With the discovery of ‘human waste’ in Coca Cola cans, supermarkets will be hard-pressed to come up with a cheap alternative that matches the aroma and viscosity of ‘liquid poo’. While most children acknowledge the innate figurative ‘sh$tness’ of own brand pop, this literal ‘shit$ness’ has led to the strapline ‘Taste the Feeling and Feel the Gastroenteritis’.
During the 70s a skip full of Monster Munch washed down by a keg of Coca-Cola, was normally the diabetic ‘coma of choice’ for the discerning nine year old. Yet the 80s saw increased competition from ‘Pepsi Poop’ and Coke’s own failed song – ‘I’d like to buy the world a coffee enema’.

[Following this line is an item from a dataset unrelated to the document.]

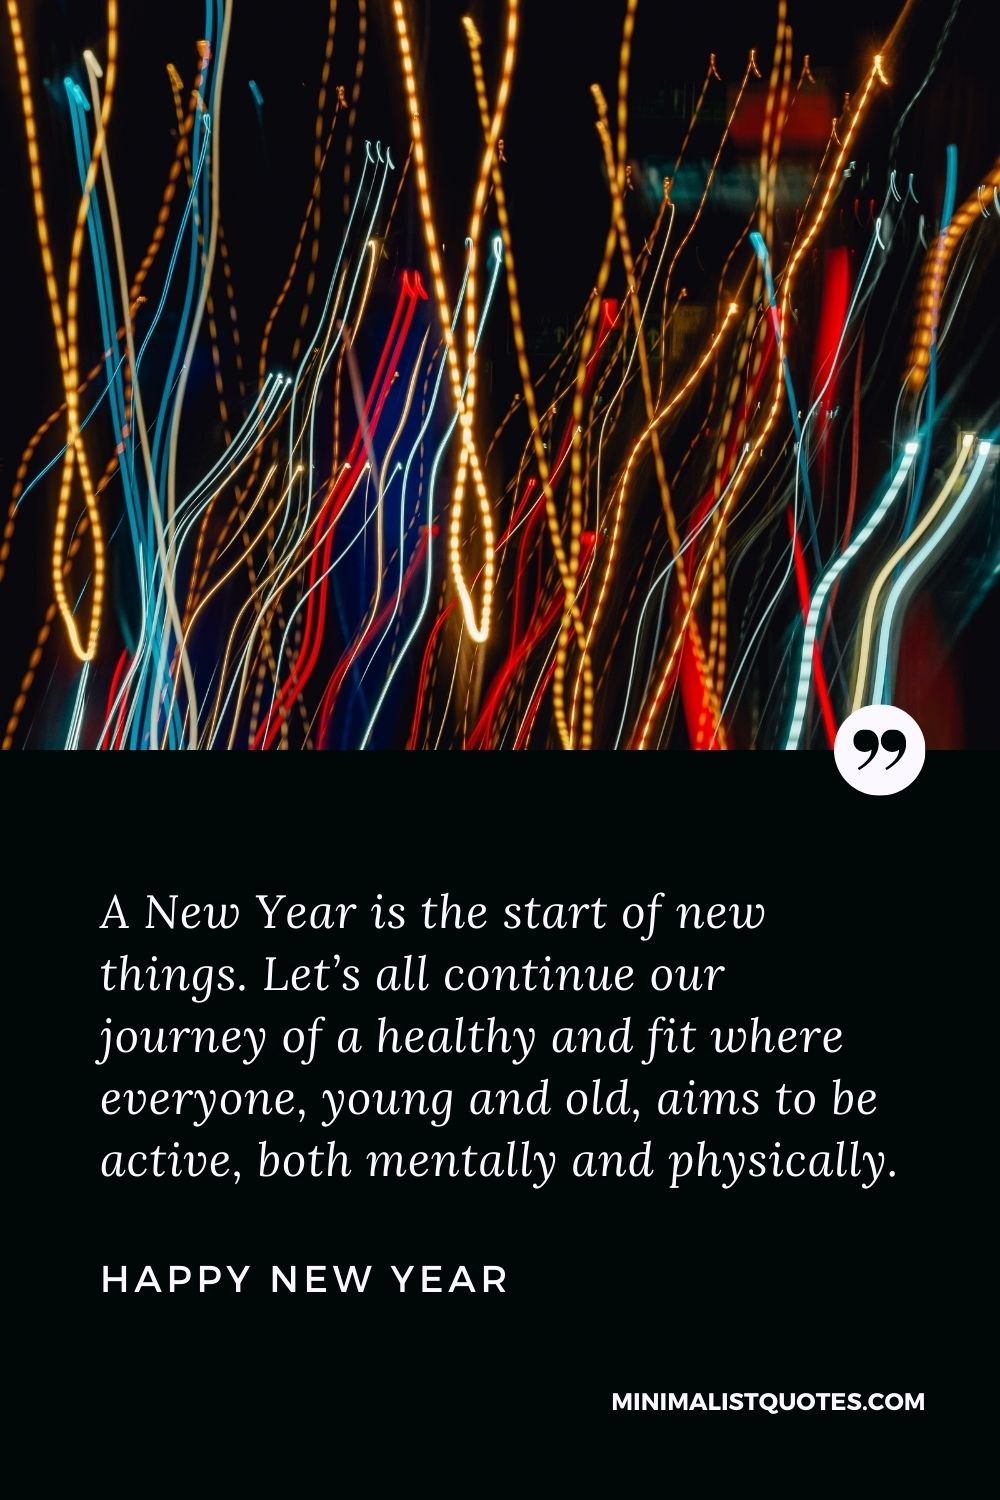 New Year Wish & Message With HD Image: A New Year is the start of new things. Let’s all continue our journey of a healthy and fit where everyone, young and old, aims to be active, both mentally and physically. Happy New Year!

Coke has long guarded its ‘secret’ recipe from competitors; many had speculated that it was nicotine or ‘Howard Hughes’ preserved jiz’, but it transpires that it may have been a Belfast ‘jobby’. Said one Lisburn worker: ‘The bad news is, we can only make Coke with human waste – the good news is, post-Brexit, there’s plenty of it’.
Diet Coke will now be able to guarantee zero calories, thanks to the ensuing diarrhoea and vomiting. The Food Standards Agency said: ‘Nobody wants faeces in a can. Unfortunately it turns out Coke actually is the Real Thing’.